YOUR INSTRUCTIONS: Where in the data below does the word "Russia" appear? Copy each line that holds it.

====== ENTRIES PROVIDED ======

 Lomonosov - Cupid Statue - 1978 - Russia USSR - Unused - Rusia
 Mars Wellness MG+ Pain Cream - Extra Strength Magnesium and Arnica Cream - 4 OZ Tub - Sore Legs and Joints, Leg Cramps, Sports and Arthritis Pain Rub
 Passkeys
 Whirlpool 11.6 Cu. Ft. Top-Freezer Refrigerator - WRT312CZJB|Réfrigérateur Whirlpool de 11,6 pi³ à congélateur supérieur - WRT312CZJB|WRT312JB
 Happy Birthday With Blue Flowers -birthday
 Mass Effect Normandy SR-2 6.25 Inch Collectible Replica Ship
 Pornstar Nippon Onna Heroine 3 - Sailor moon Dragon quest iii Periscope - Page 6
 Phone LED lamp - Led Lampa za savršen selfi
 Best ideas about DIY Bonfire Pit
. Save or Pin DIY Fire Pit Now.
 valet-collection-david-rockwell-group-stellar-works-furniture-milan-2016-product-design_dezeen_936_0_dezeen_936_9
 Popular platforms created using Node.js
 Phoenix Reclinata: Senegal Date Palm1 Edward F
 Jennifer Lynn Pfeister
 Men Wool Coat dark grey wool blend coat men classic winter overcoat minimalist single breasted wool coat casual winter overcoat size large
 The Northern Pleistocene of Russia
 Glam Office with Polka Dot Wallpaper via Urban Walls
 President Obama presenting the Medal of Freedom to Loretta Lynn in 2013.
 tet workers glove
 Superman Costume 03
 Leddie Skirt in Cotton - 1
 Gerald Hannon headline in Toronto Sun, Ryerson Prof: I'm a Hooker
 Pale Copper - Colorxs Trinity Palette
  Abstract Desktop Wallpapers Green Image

======

TASK ANSWER:
 Lomonosov - Cupid Statue - 1978 - Russia USSR - Unused - Rusia
 The Northern Pleistocene of Russia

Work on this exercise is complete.